In 1999, UPC purchased approximately 25% of Primacom cable company in Germany. In April 2000 UPC announced that will buy EWT/TSS Group and in 2001 EWT/TSS merged with Primacom. In 2006 UPC sold their remaining shares in company.

In 2007, UPC sold their 50% shares in Melita telecommunications company in Malta to GMT Communications Partners.

UPC Norway was bought by Candover Investments for $542 million and changed the name to Get AS.

UPC France was sold for $1.56 billion, in 2006, to Noos (Ypso Holding) before being integrated into Numericable and then SFR in 2016.

UPC Sweden was sold in April 2006 for $427 million to Com Hem.

UPC acquired in 2005, the majority stake in the Telemach operator in Slovenia, renaming it UPC Telemach. After the complete acquisition of all shares in 2008, the name was changed to UPC. In 2009 the company was resold to Telemach, returning to the old name.

In October 2015, UPC Ireland Was merged with Virgin Media Ireland, UPC got first rebranded with Chorus:NTL in 2010.

UPC Netherlands merged with Ziggo, another Liberty Global subsidiary. The new company was formed under name Ziggo and in 2016 merged with Vodafone Netherlands to form VodafoneZiggo.

UPC Austria was acquired by T-Mobile Austria on 31 July 2018 and fully integrated in Magenta Telekom in May 2019.

In July 2019, Vodafone bought Liberty Global operations in Germany where operates Unitymedia, another Liberty Global subsidiary, Hungary, Romania and the Czech Republic. On 31 March 2020 UPC Czech Republic merged with Vodafone Czech Republic, UPC Hungary merged with Vodafone Hungary and UPC Romania merged with Vodafone Romania.

UPC Poland was sold to Polish cellular telecommunications provider Play (owned by Iliad Group) for US$1.8 billion.

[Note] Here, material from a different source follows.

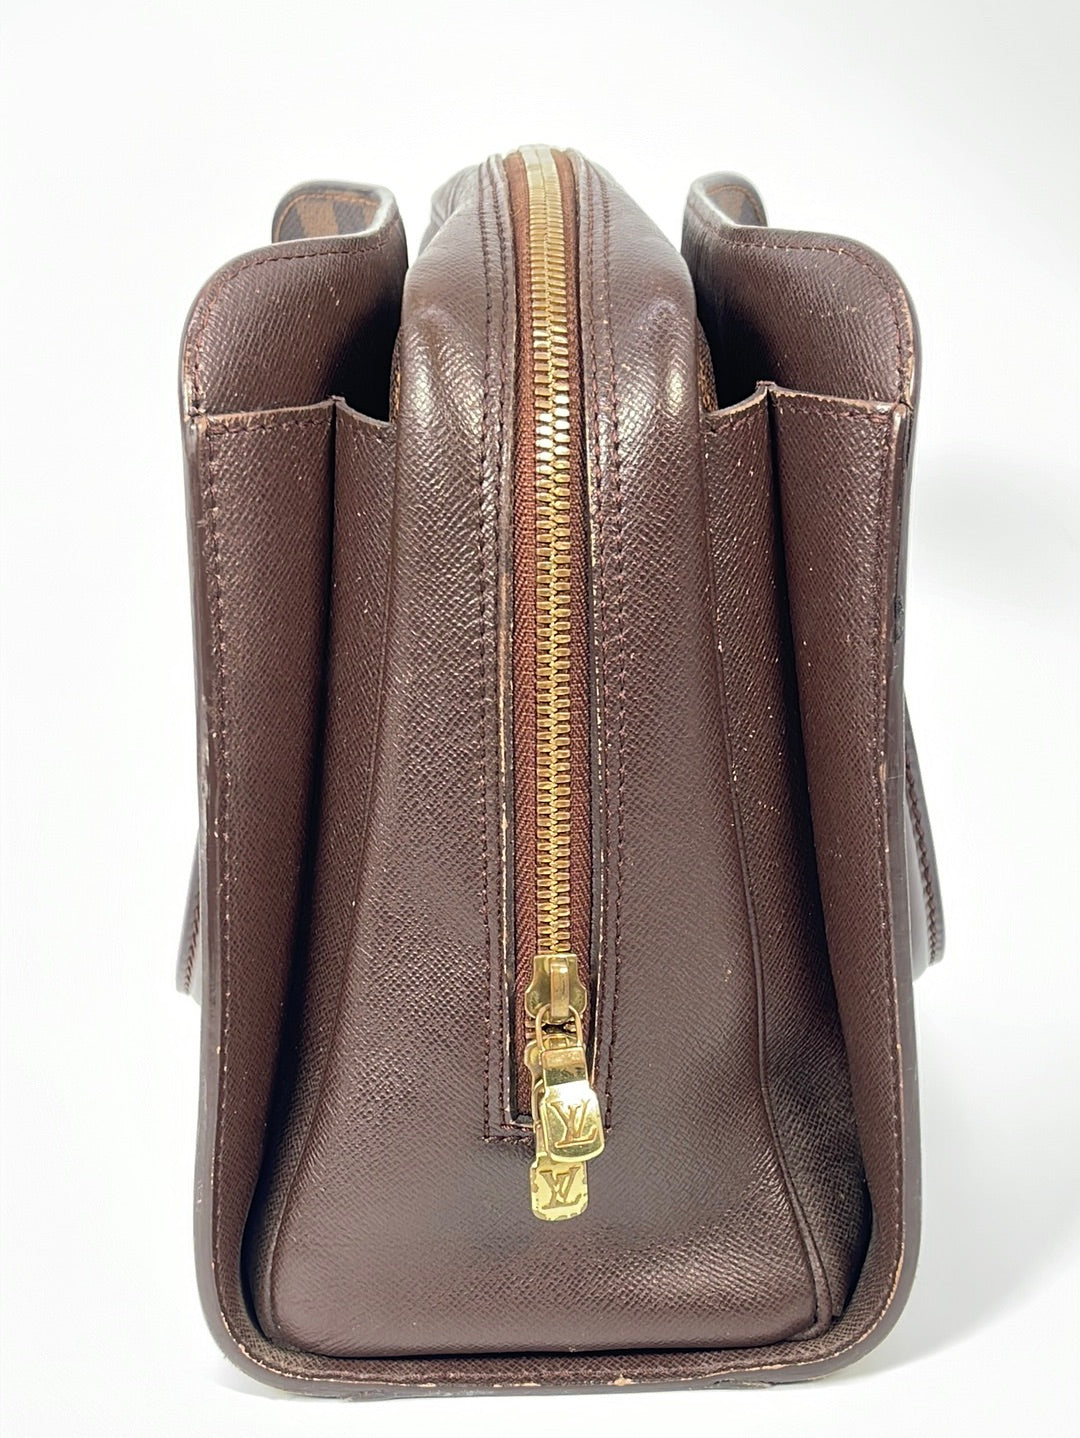 Triana leather handbag Louis Vuitton Brown in Leather - 26902079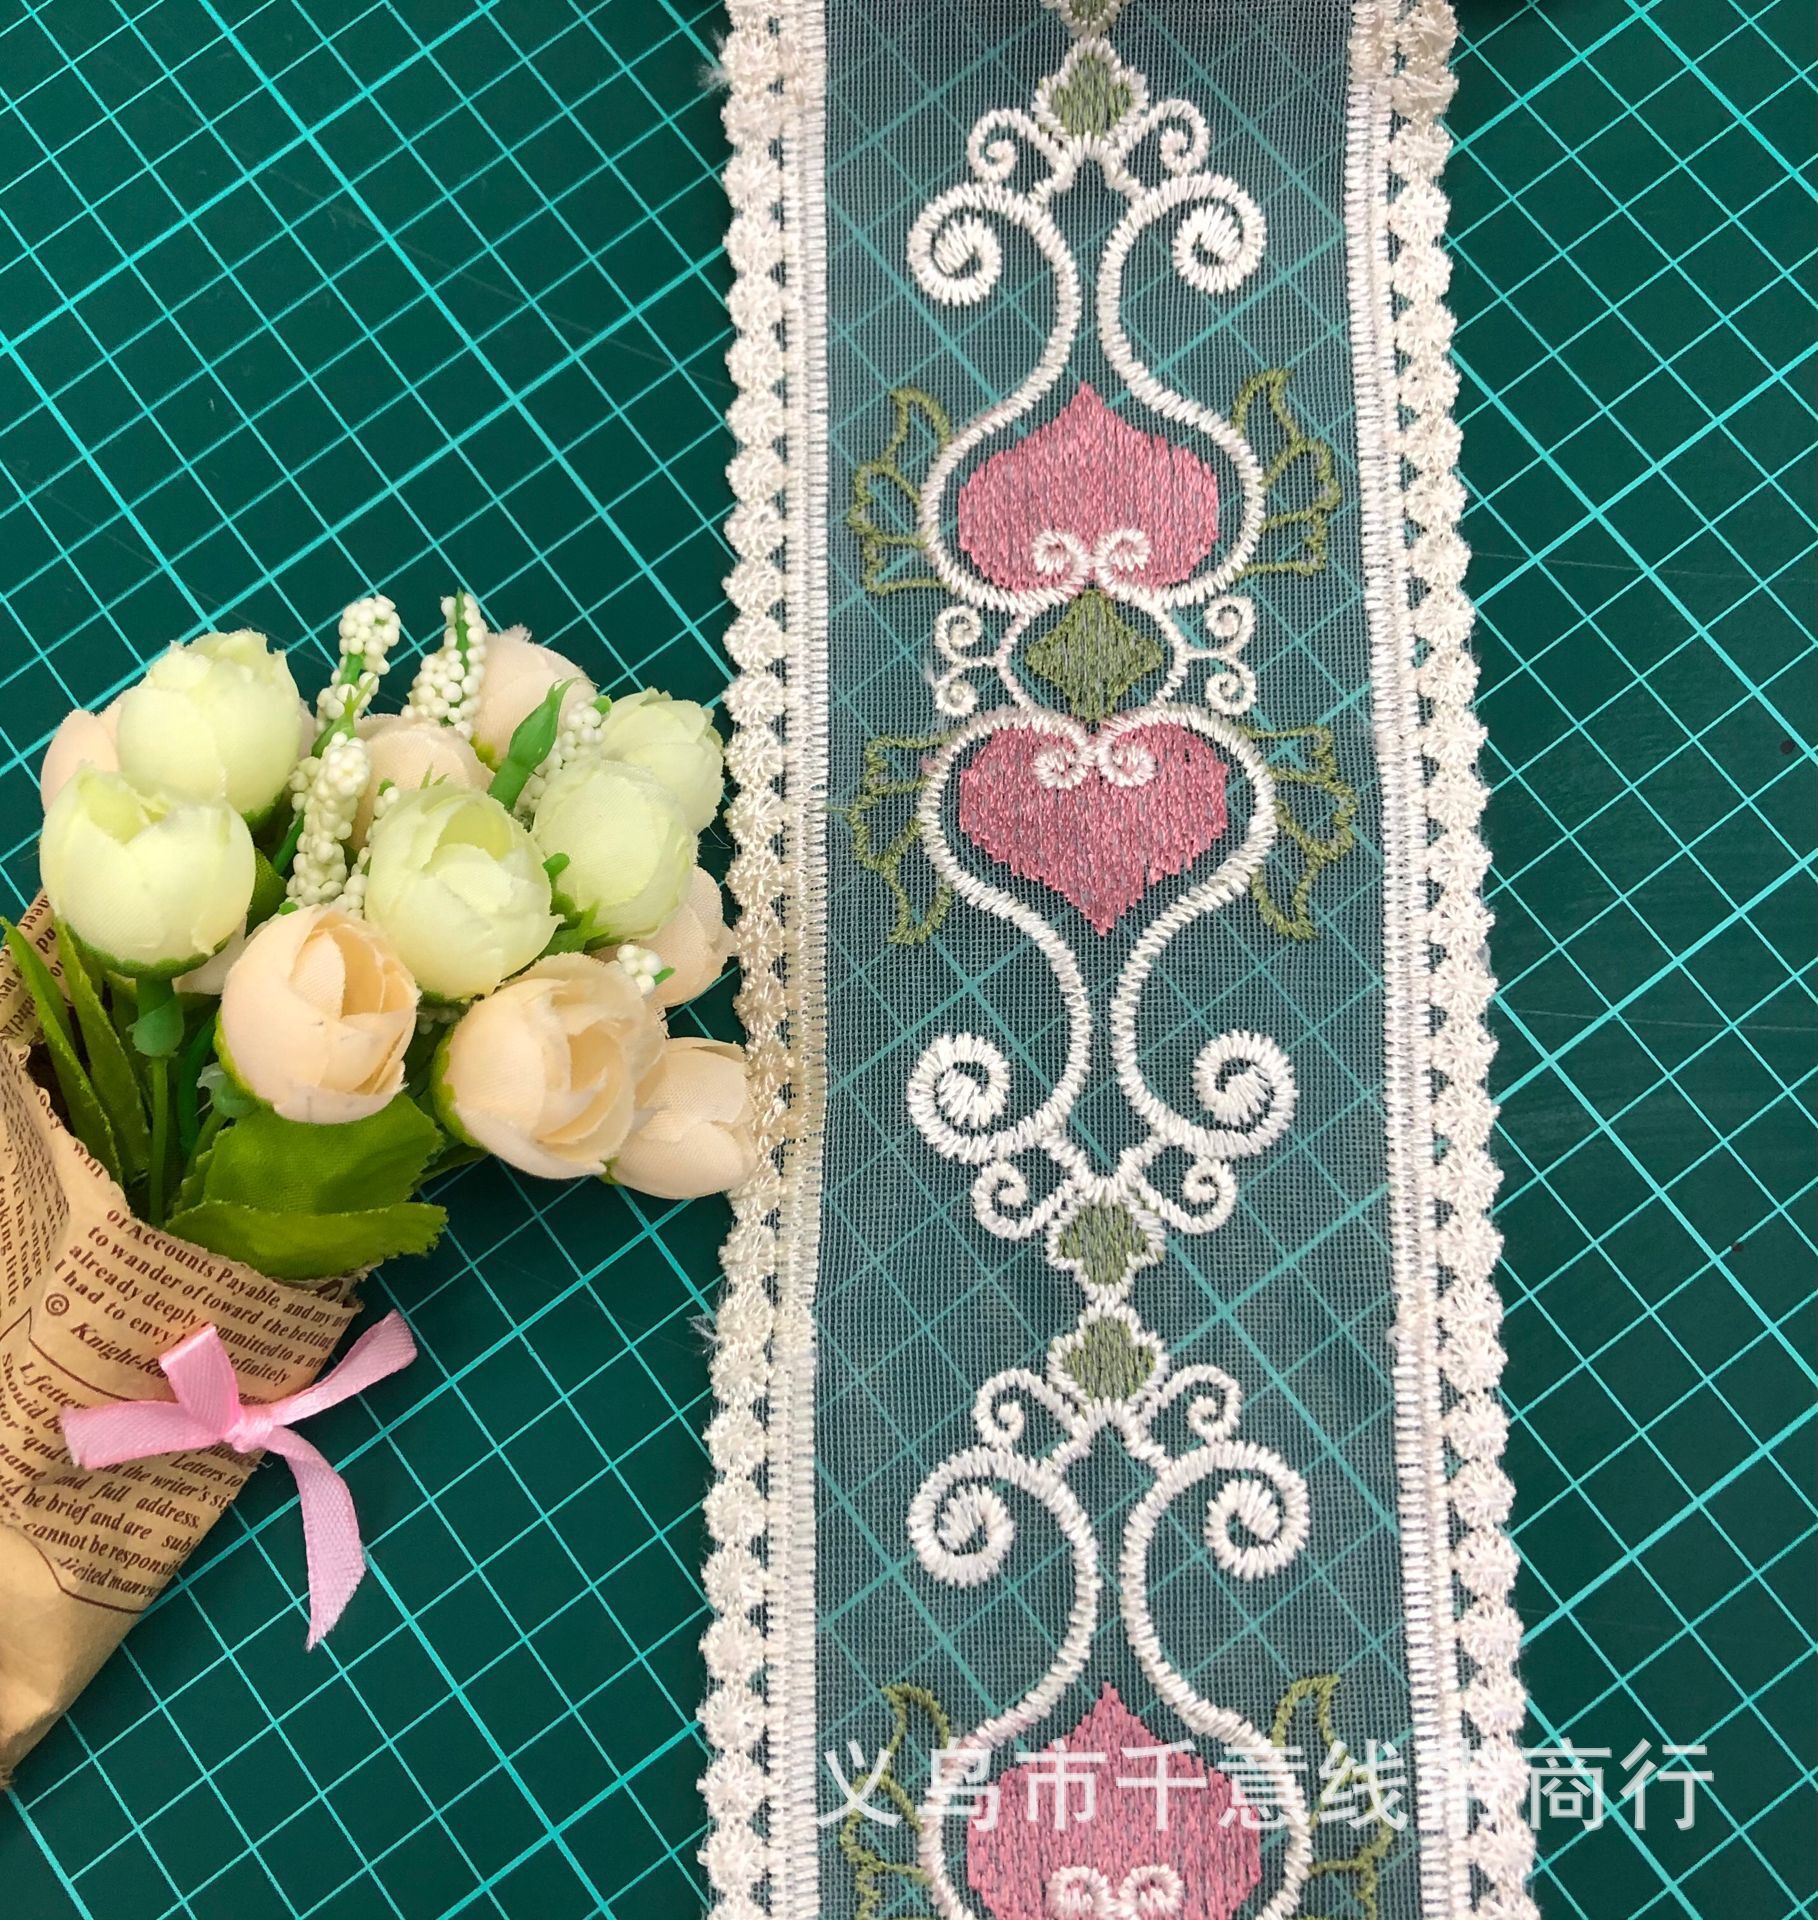 In Stock Wholesale Mesh Embroidery 8cm Milk Silk Wedding Dress Home Textile Fabric Embroidery Bar Code Decoration Accessories

Deal was closed on 1 April 2022.

In May 2022, Liberty Global re-branded its Swiss operation, Sunrise UPC, as simply Sunrise, followed by its spin-off in November 2024.

In 18 December 2025, Liberty Global sold the last UPC asset in Slovakia to E& PPF Telecom Group for €95 Million, making end to their UPC business.

==Divisions==
In 1997 the company started offering broadband internet and landline telephony in the Netherlands. These services have also been extended to other countries under the chello brand for internet services and Priority Telecom for telephony and later for b2b services. In 2007 the company replaced the chello brand with UPC for internet services.

UPC operated several television channels under the UPCtv brand, and later after the acquisition of Zone Vision merged with it under the Zone Media brand and later rebranded as Chello Zone, part of Chellomedia. Chellomedia was sold in 2014 to AMC Networks and renamed as AMC Networks International.